Арань сидит. В сапогах, усталый и согбенный. Как вольный зверь в своем логове. И посмотрите-ка, его колени тоже скрутила старость. Но старость его не прикрыта, и потому она отважна. А поскольку преклонный возраст преобразил поэта и сейчас он как комедиант в маске морщин и в седом парике — в роли Мудрости и Слабости людской, — то именно в Аране мы видим подлинного Гамлета. Он побеждает, даже если терпит крах; и гибелью своей он утверждает жизнь.

* * *

Приметы старости, проступающие во внешнем облике человека, можно спутать с симптомами болезни, если не проводить между ними коренного различия. Уж не потому ли, что как те, так и другие признаки предвещают смерть?

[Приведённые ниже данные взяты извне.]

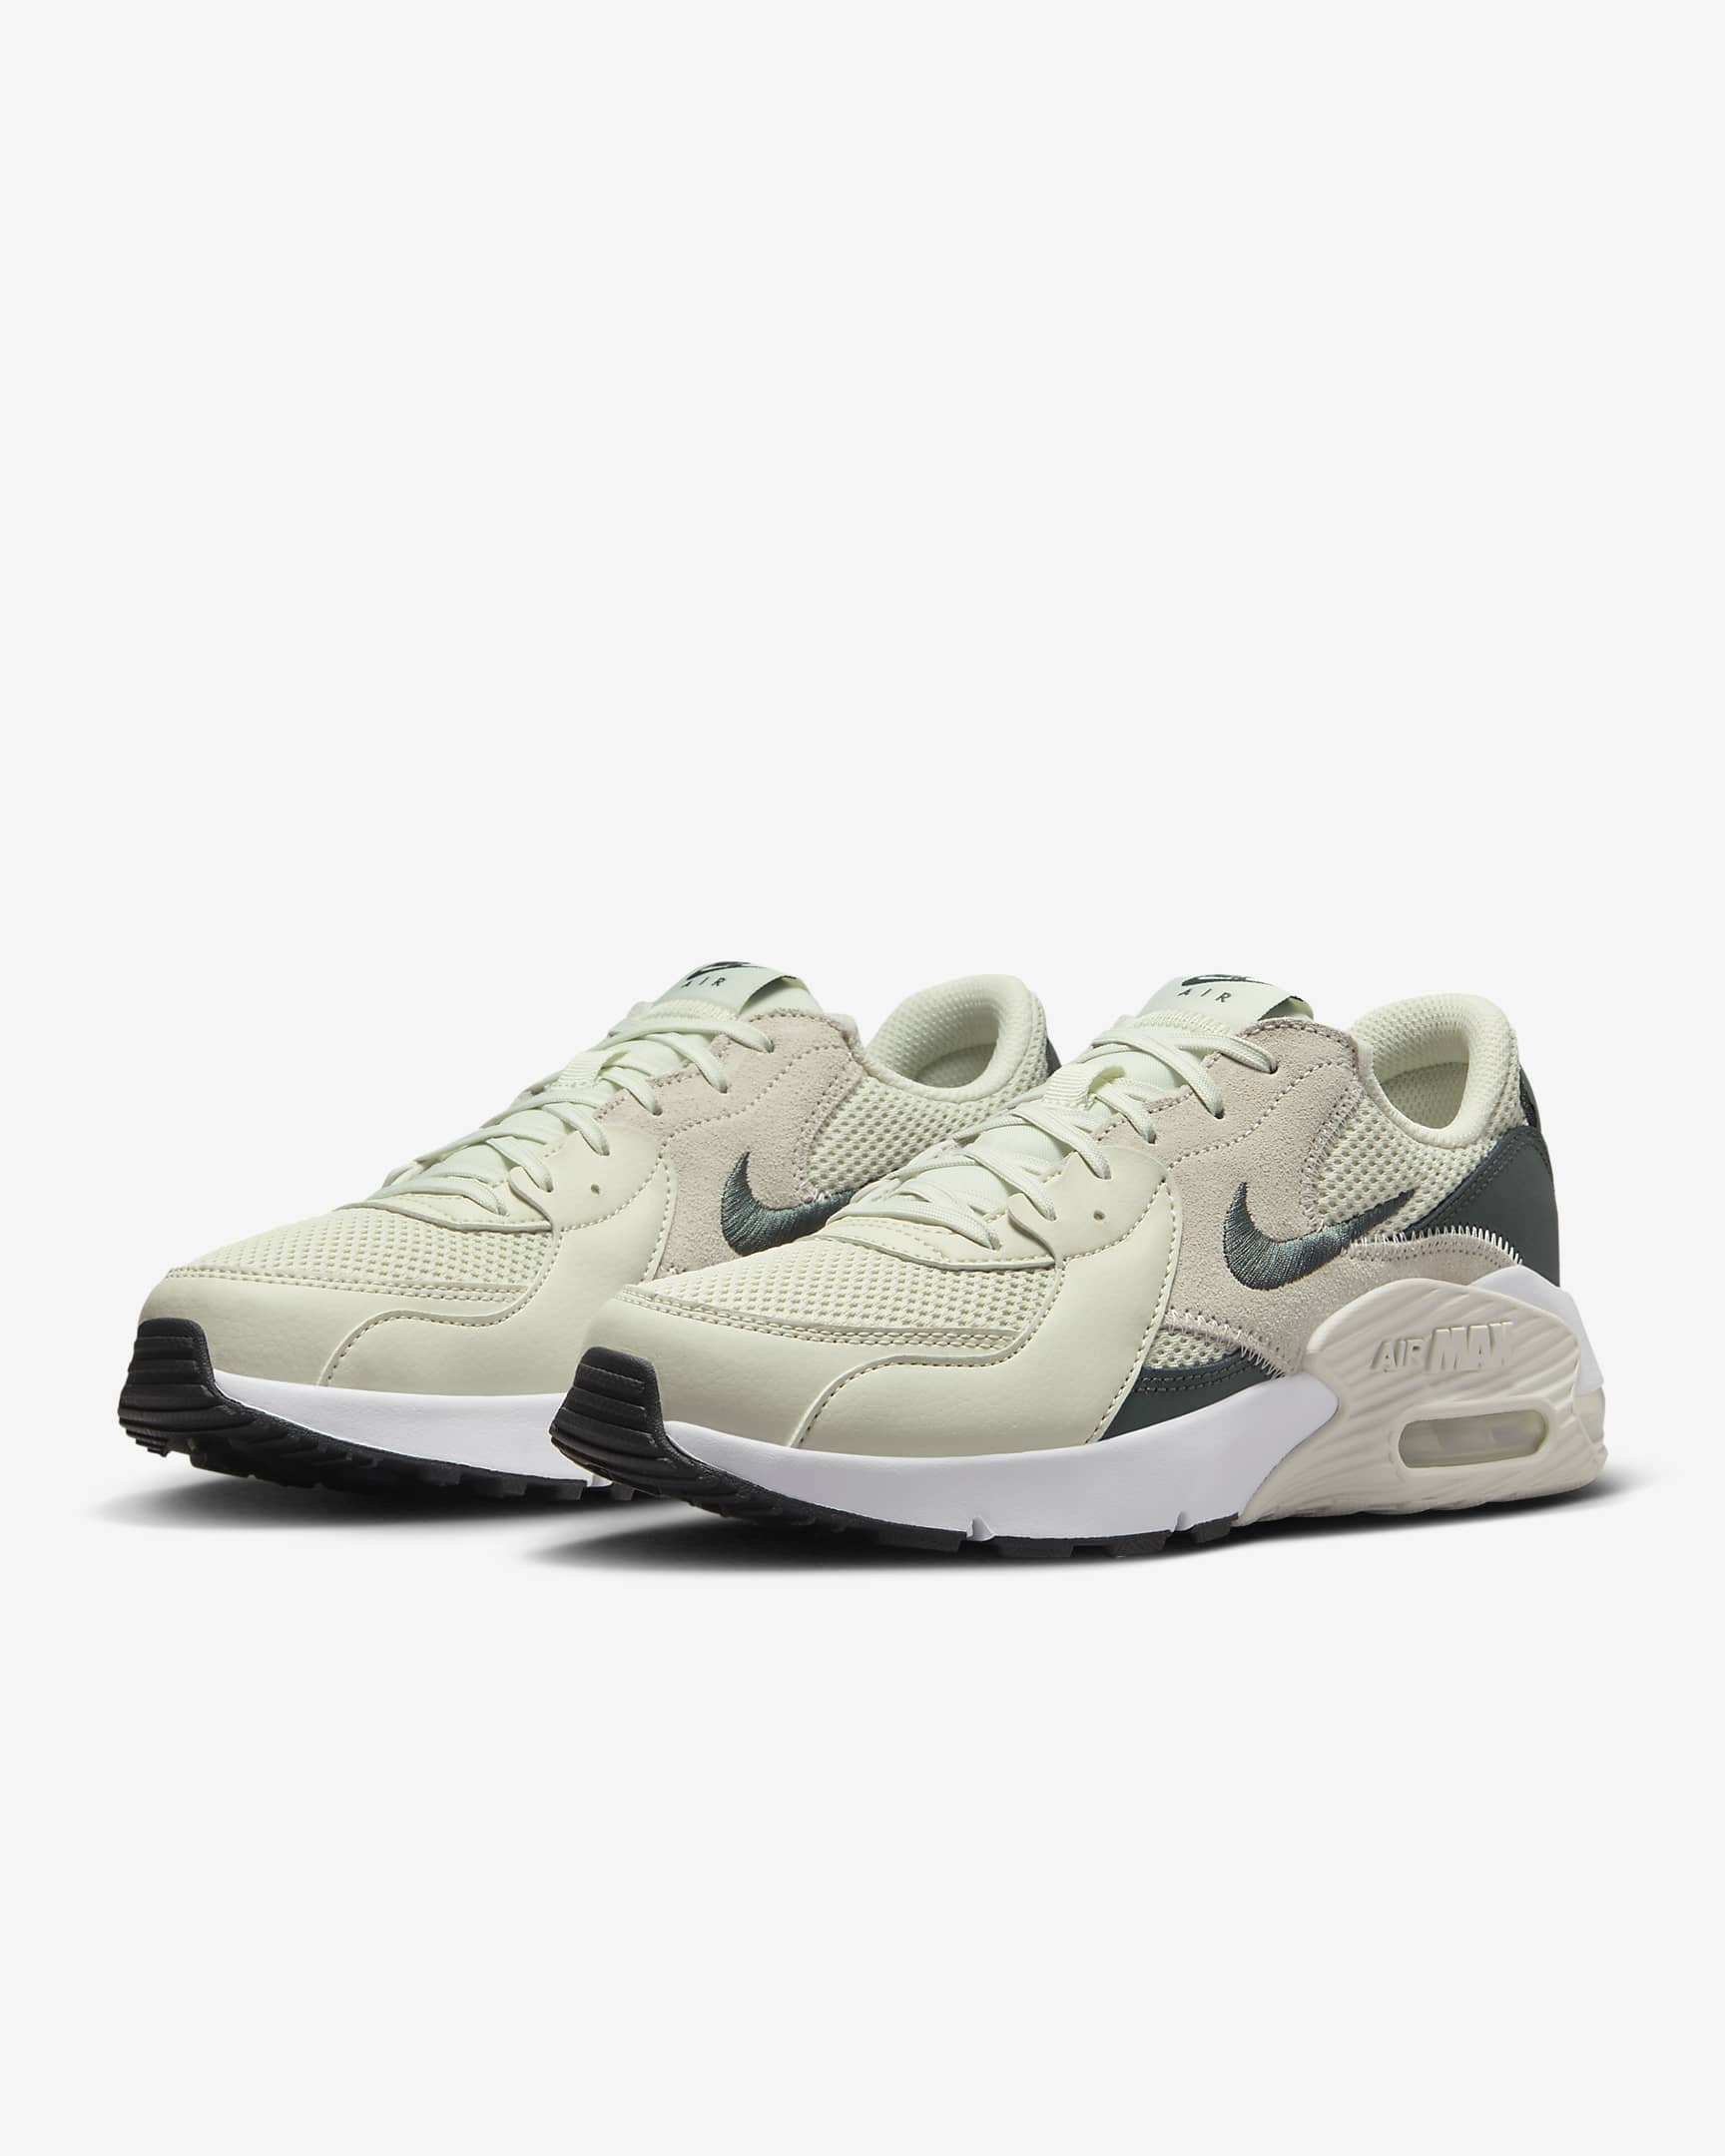 Nike Air Max Excee Women's Shoes - Sea Glass/White/Summit White/Vintage Green

Но из множества болезней едва ли один процент приводит к смерти. А приметы старости отстоят от смерти еще дальше.

Смерть — это особое царство. И с тех пор как стоит мир, молодежь туда валом валит, и в количестве, ошеломляющем более, нежели вереницы старцев.

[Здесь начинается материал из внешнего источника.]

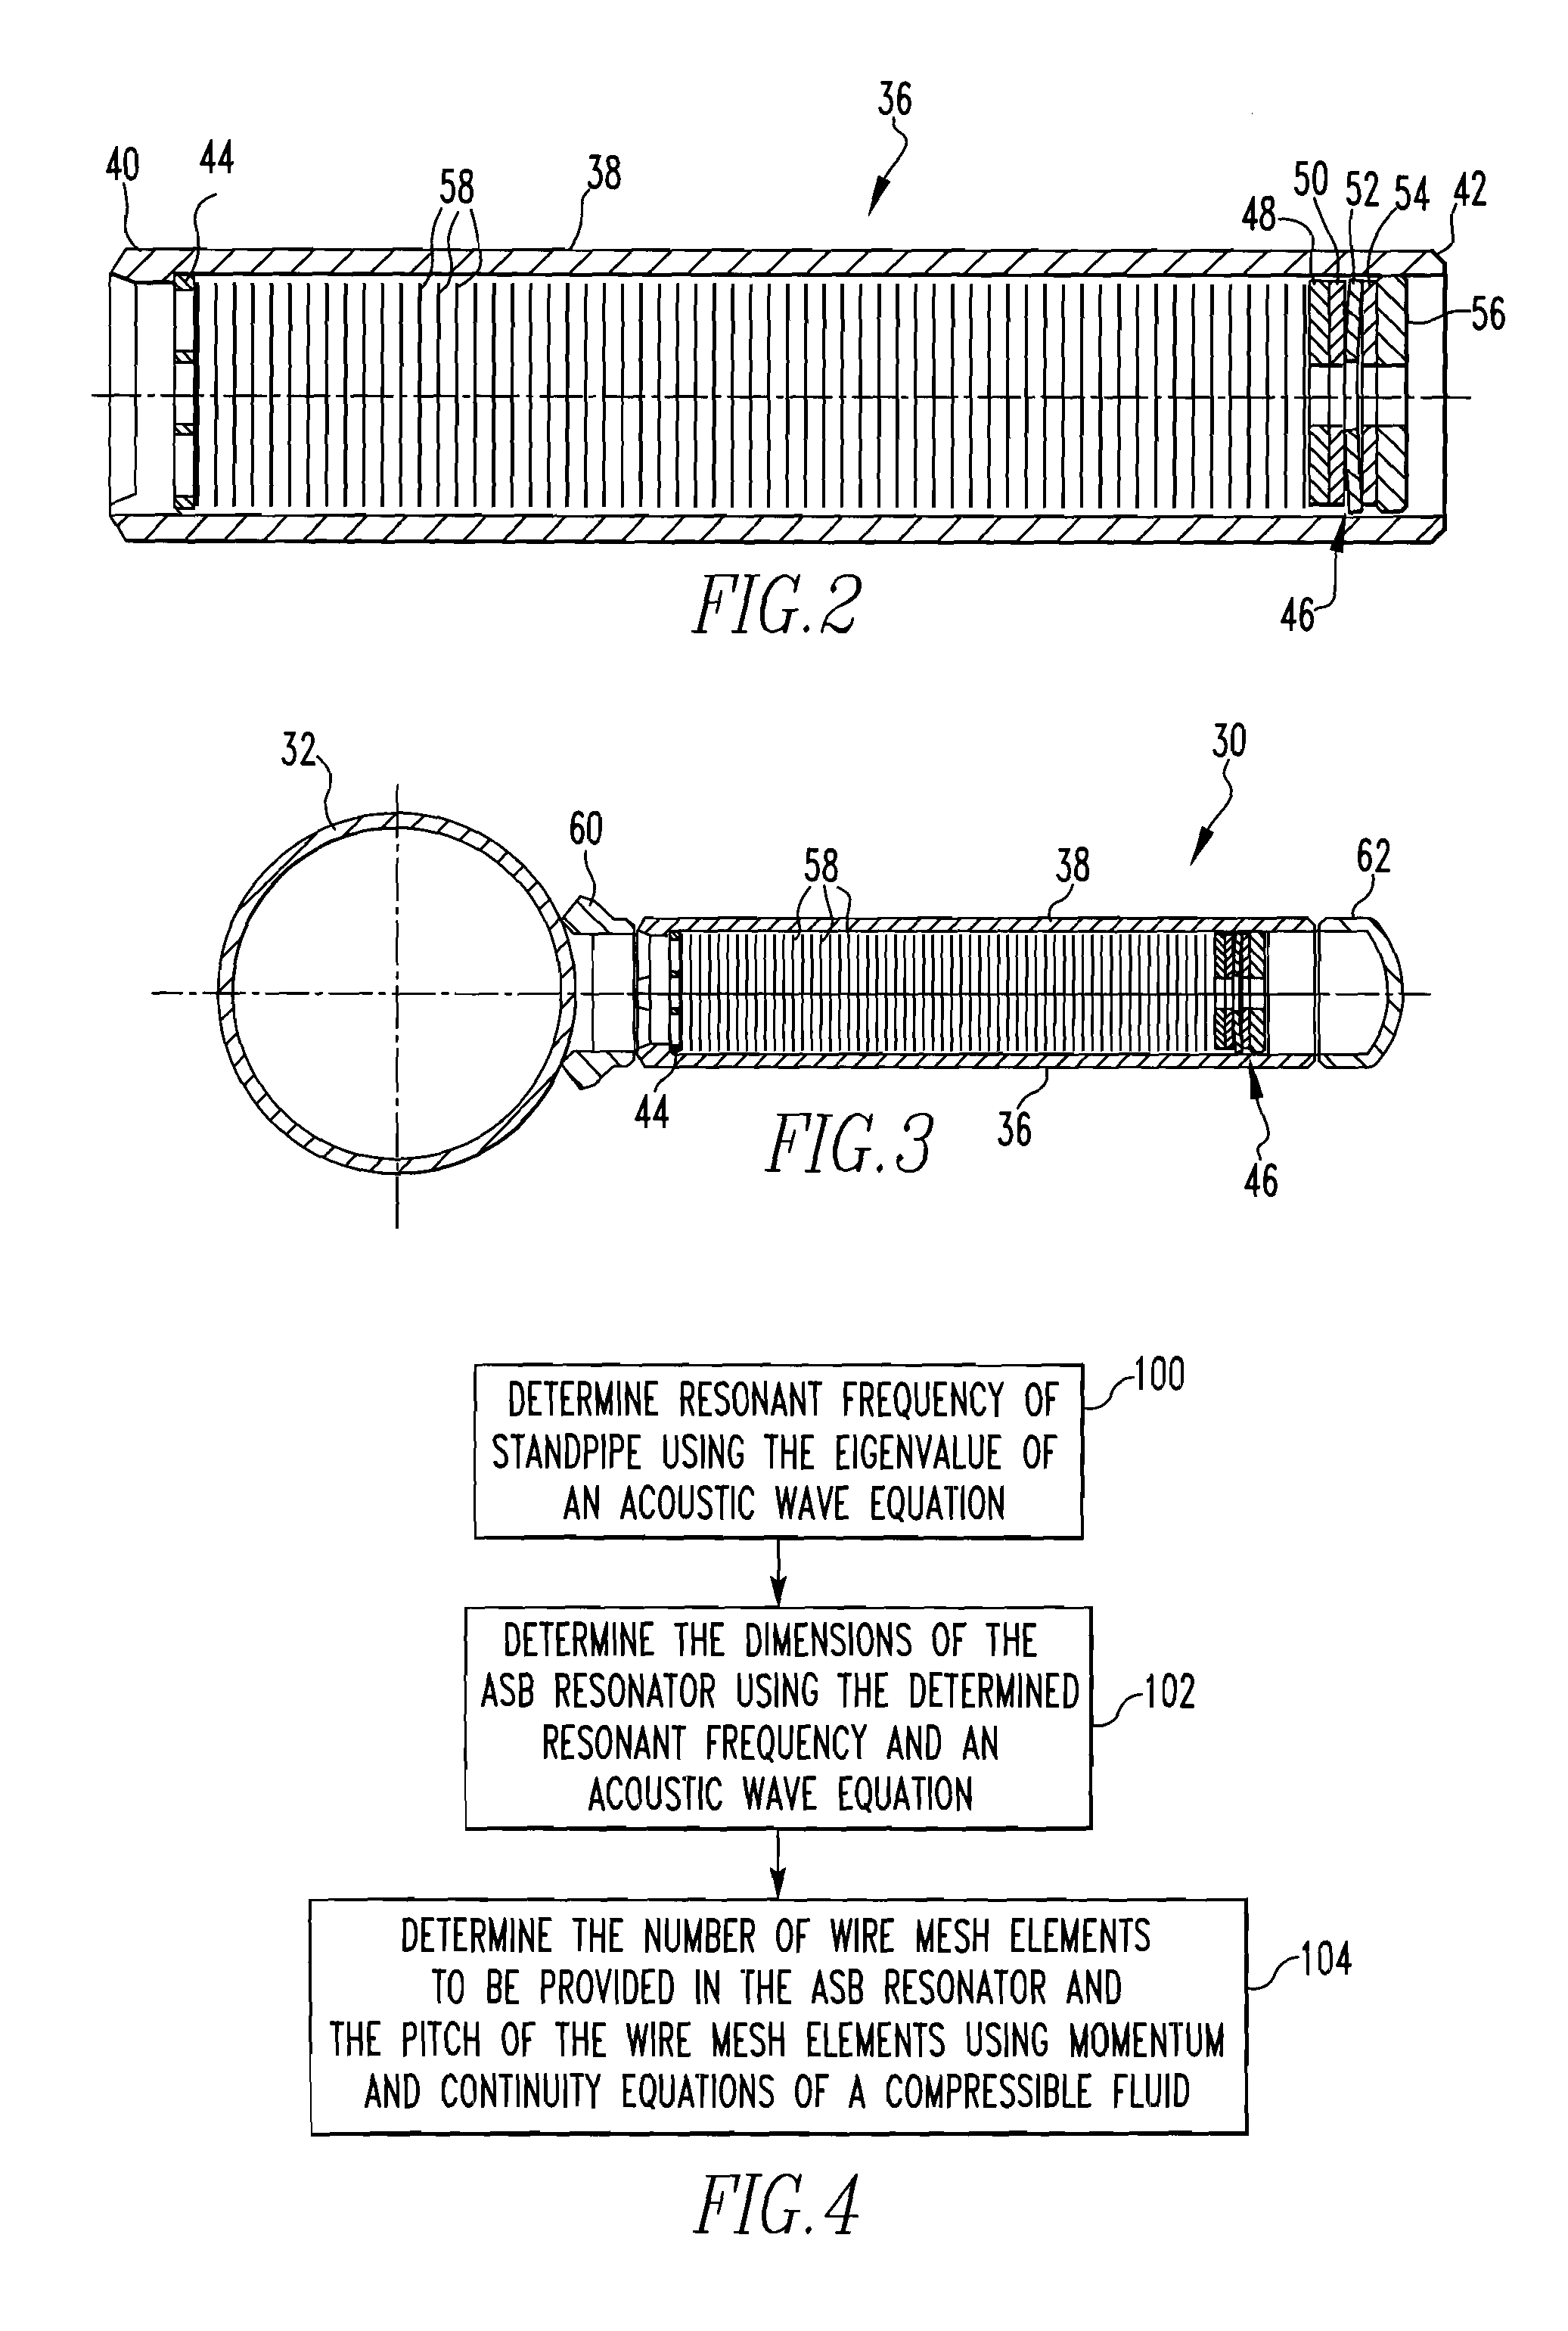 Noise and vibration mitigation system for nuclear reactors employing an acoustic side branch resonator

Стало быть, мы вправе наблюдать внешние приметы старения без страха перед летальным исходом.

К чему отрицать: новизной и своеобразием своим эти симптомы воздействуют на нас иначе, нежели разительные перемены нашей юношеской поры. Если теперь чувство юмора в нас идет на убыль, то здесь всему виною та особенность симптомов старения, что они — как мы видели — весьма чувствительно задевают наше самолюбие. И наше чувство стыда.

О мучительно-сладостных переживаниях, связанных с церемонией посвящения в мужчины, мы теперь можем судить только по обычаям первобытных племен. Хотя у всех народов, кому религией не предписан ритуал обрезания, и по сей день бытуют праздники, приуроченные к периоду возмужания.

Вряд ли сыщется в Европе хоть один подросток, который, забившись в канаву пастбища или дальний угол школьного сада, ни разу не демонстрировал бы перед ватагой сверстников — на изумление им или потеху, но всегда как равный среди равных — свидетельство собственной возмужалости; который не сопережил бы всех особенностей переходного возраста, ведущих к вратам рая и ада половой зрелости.